■ **DATA SECTION**
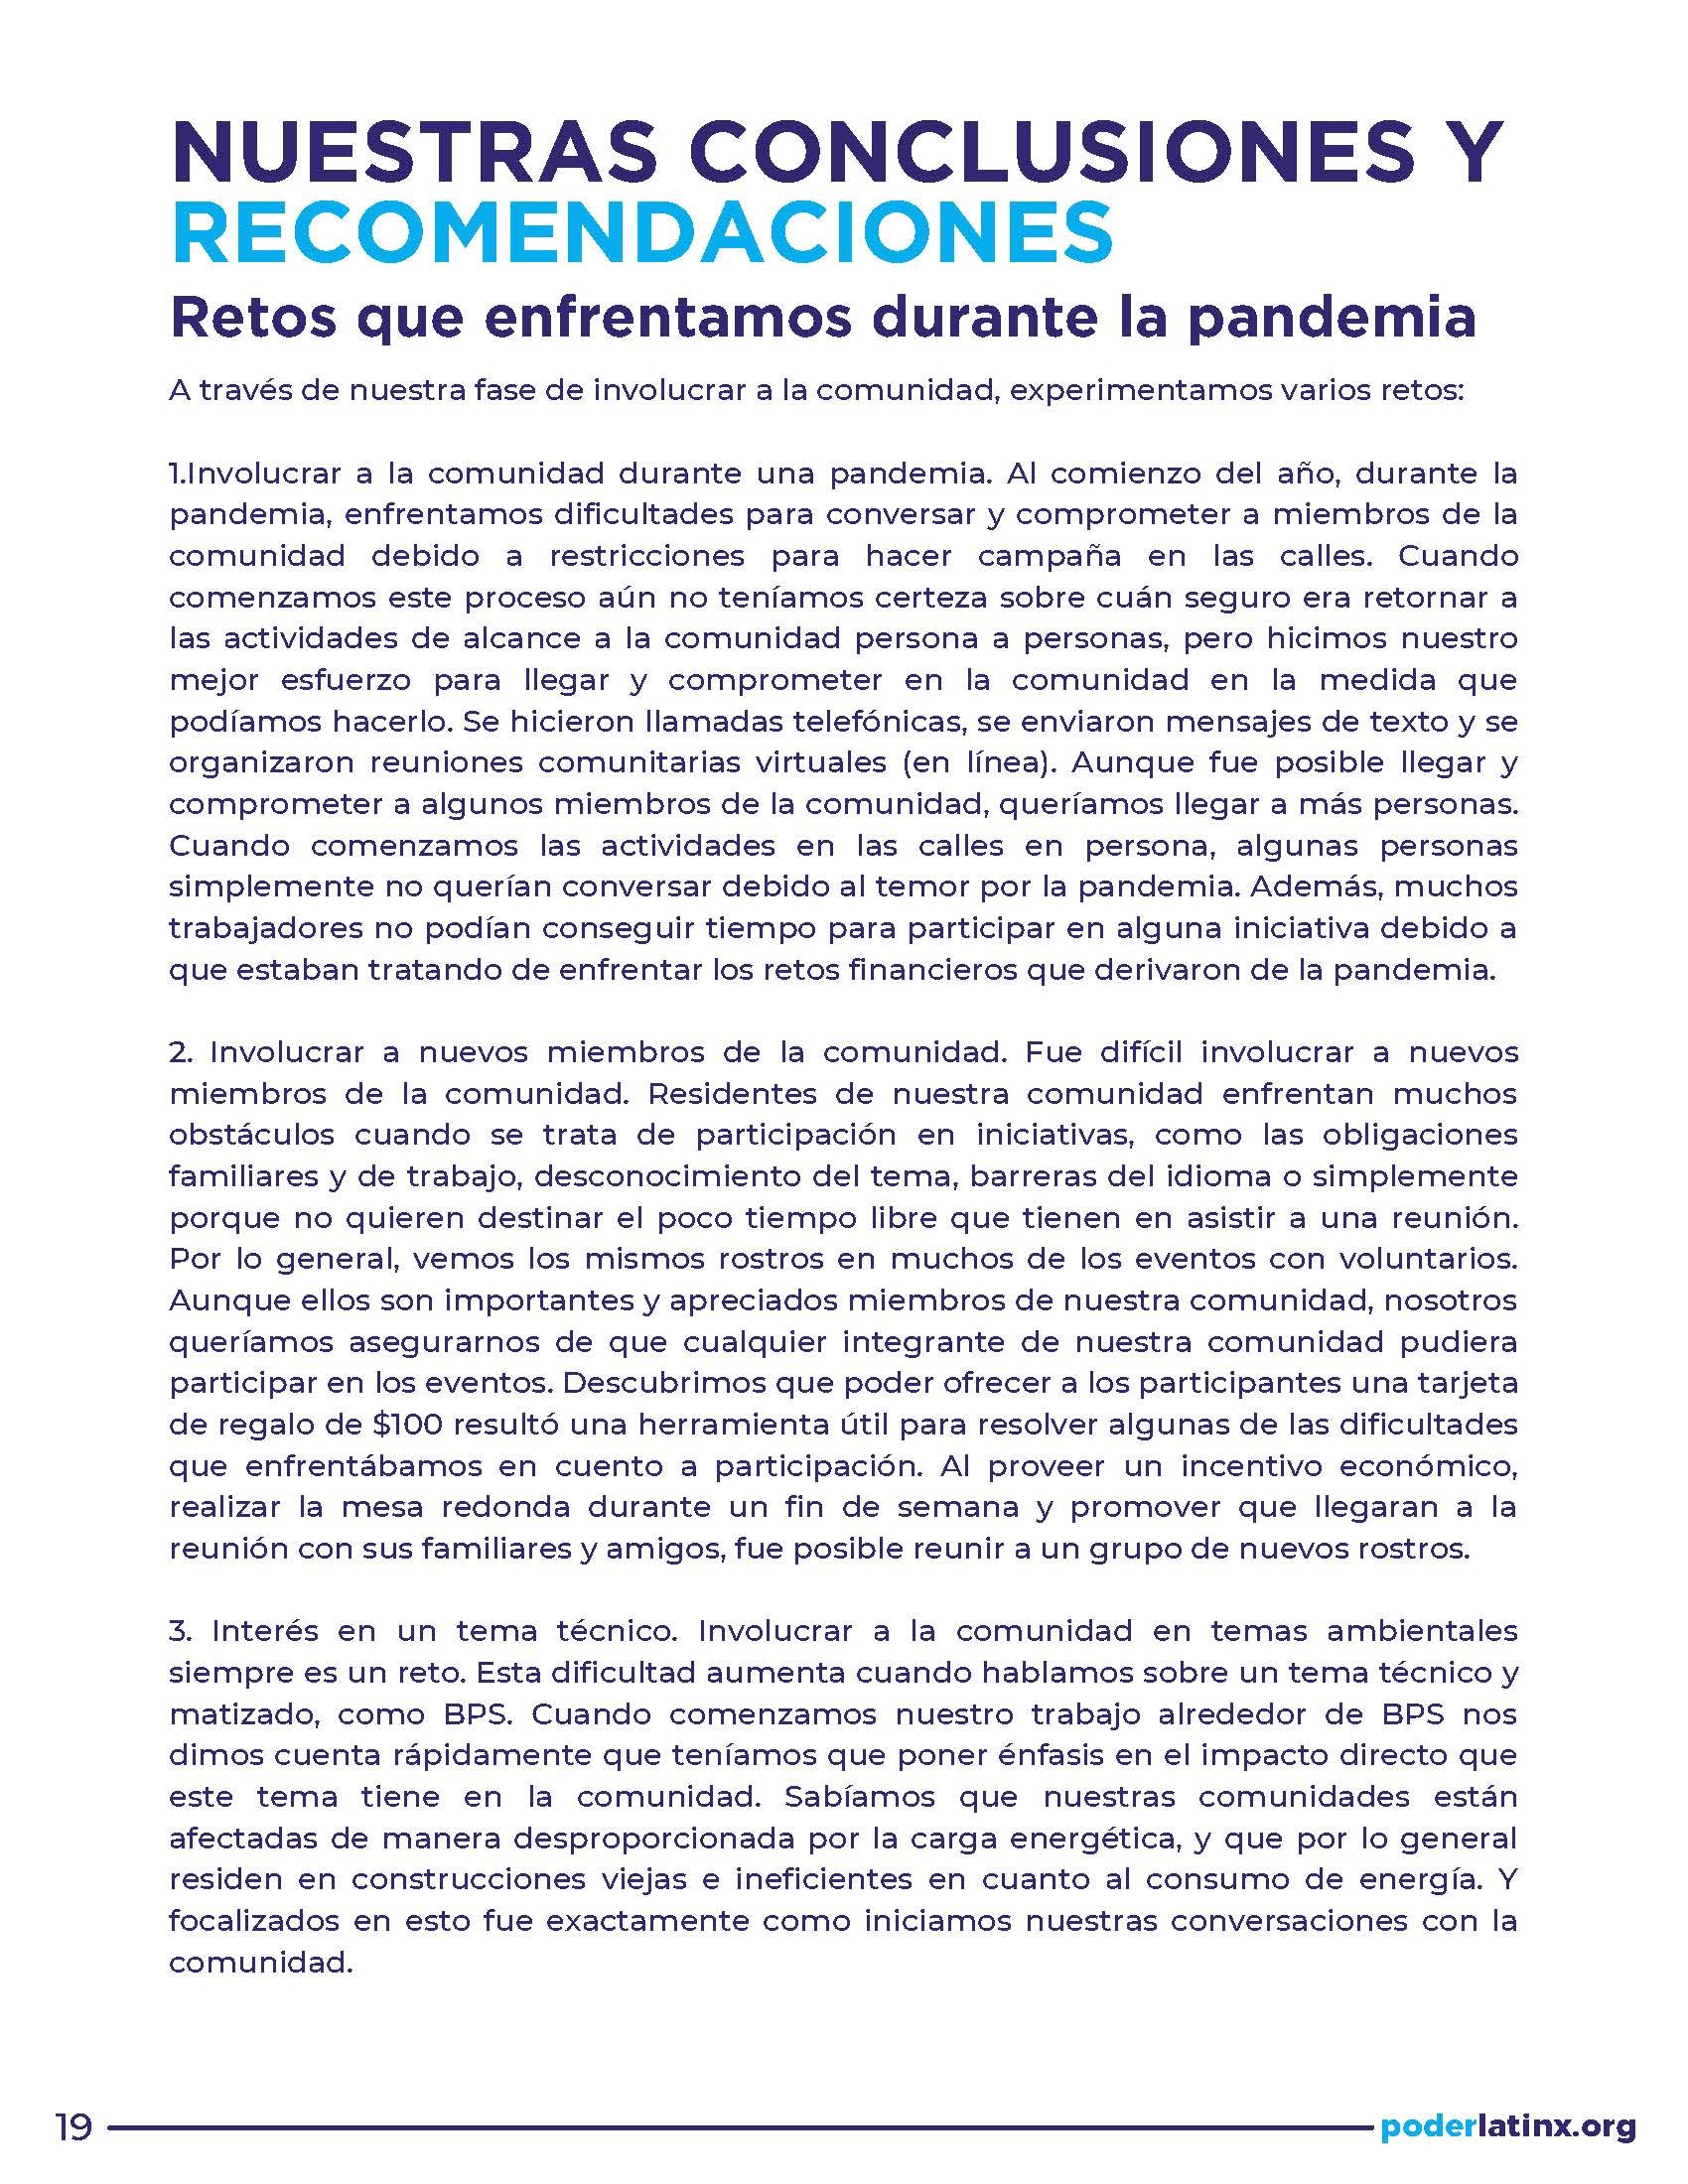 IMT Report - Spanish_Page_19.jpg
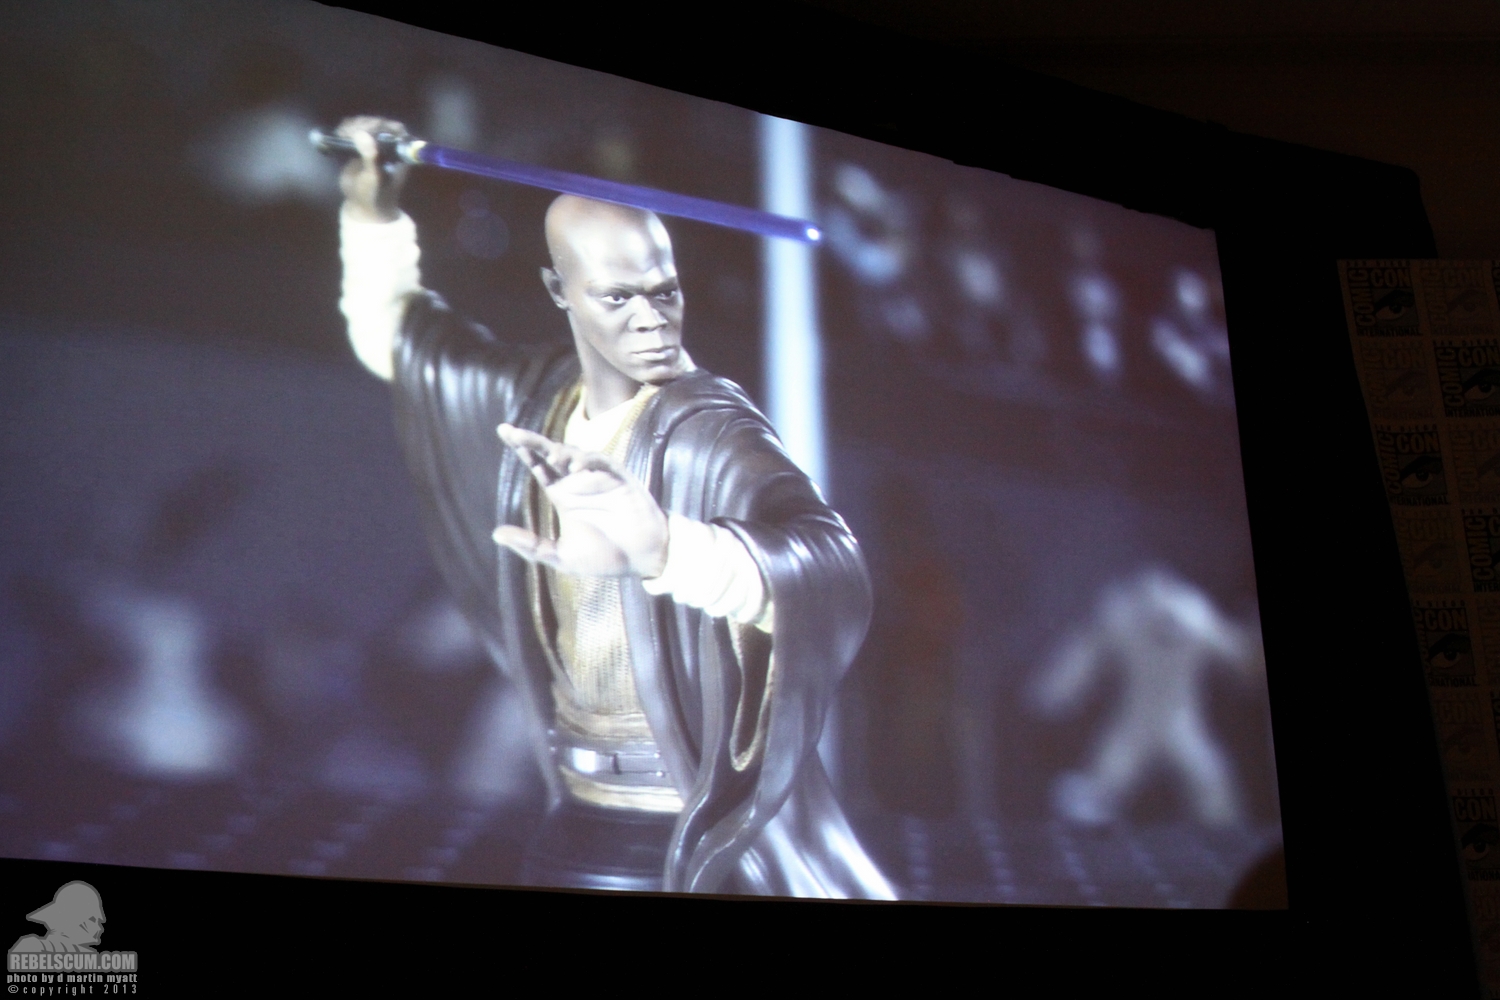 SDCC_2013_Star_Wars_Collecting_Panel_Friday-063.jpg
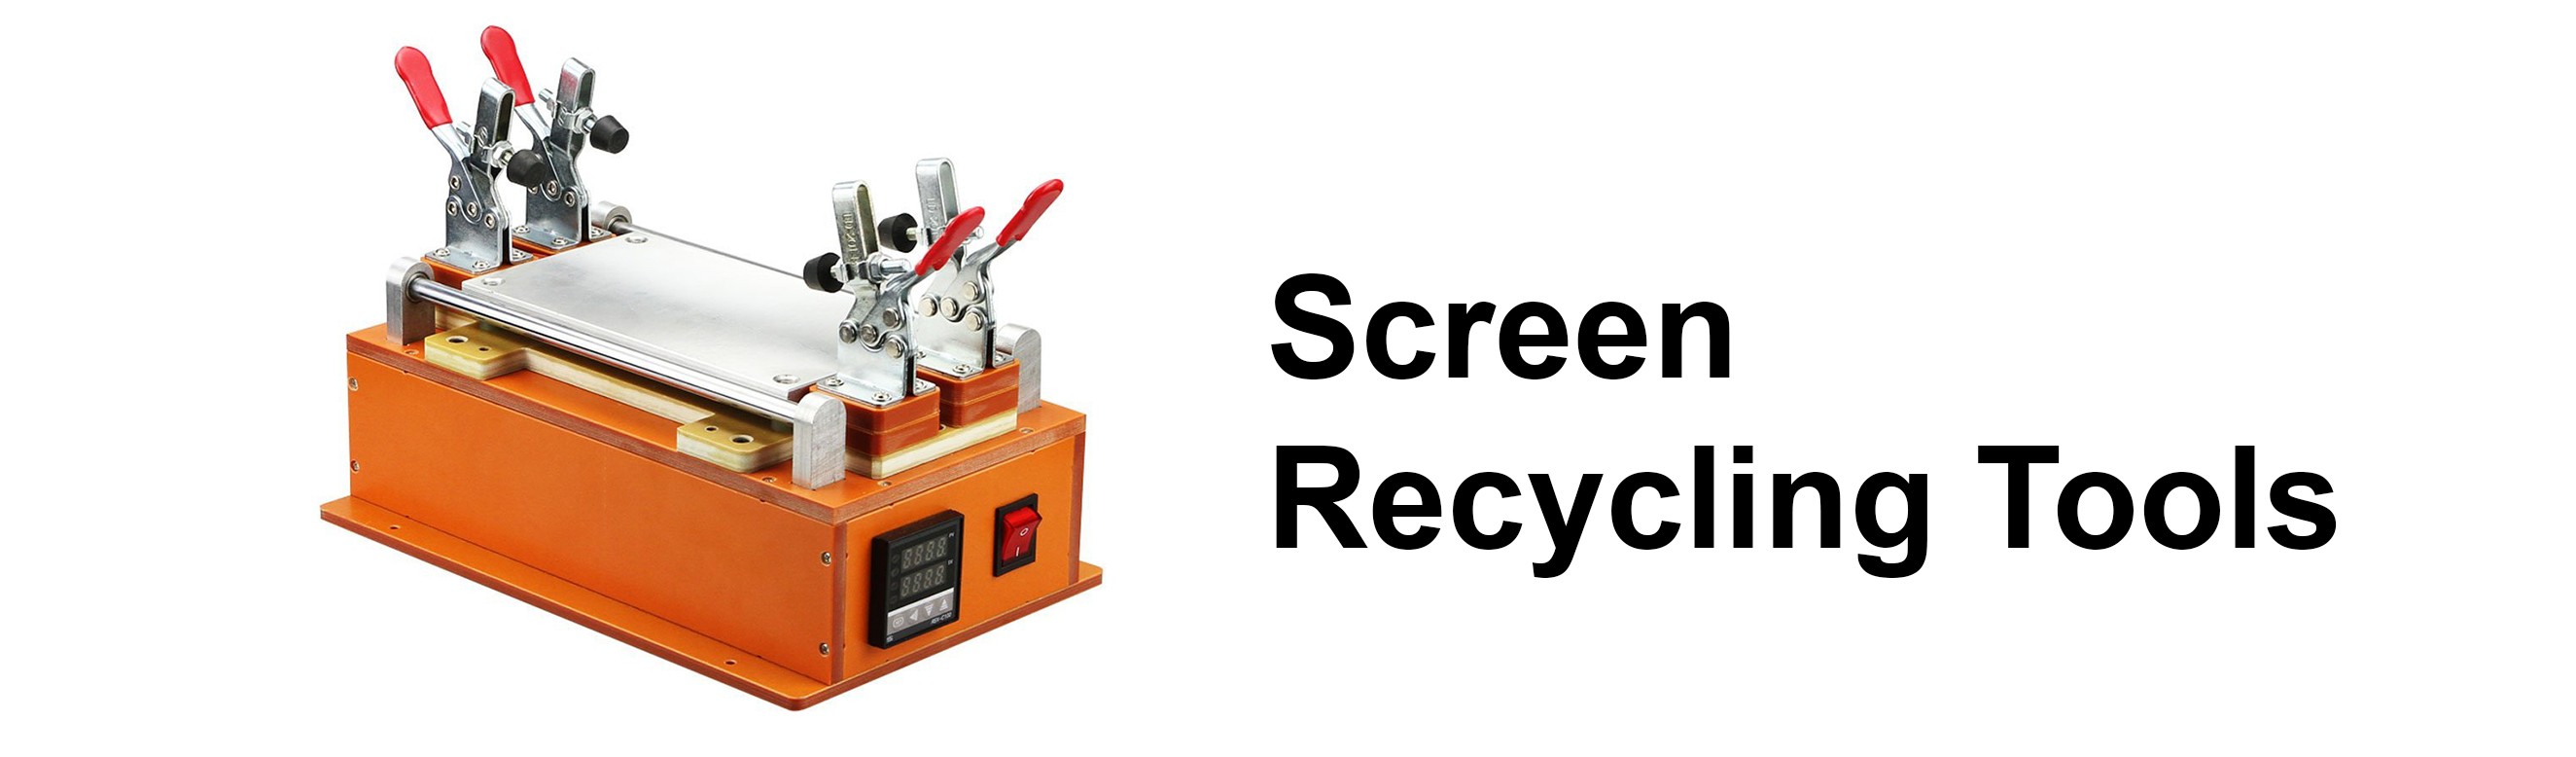 Phone Screen Recycling Tools

■ **EXERCISE INSTRUCTIONS**
Nothing but the lines from the one containing "SDCC_2013_Star_Wars_Collecting_Panel_Friday-063.jpg" through the end of the listing should be written out, each exactly, and pictures must be left out.

■ **OUTPUT BELOW**
 SDCC_2013_Star_Wars_Collecting_Panel_Friday-063.jpg
 Phone Screen Recycling Tools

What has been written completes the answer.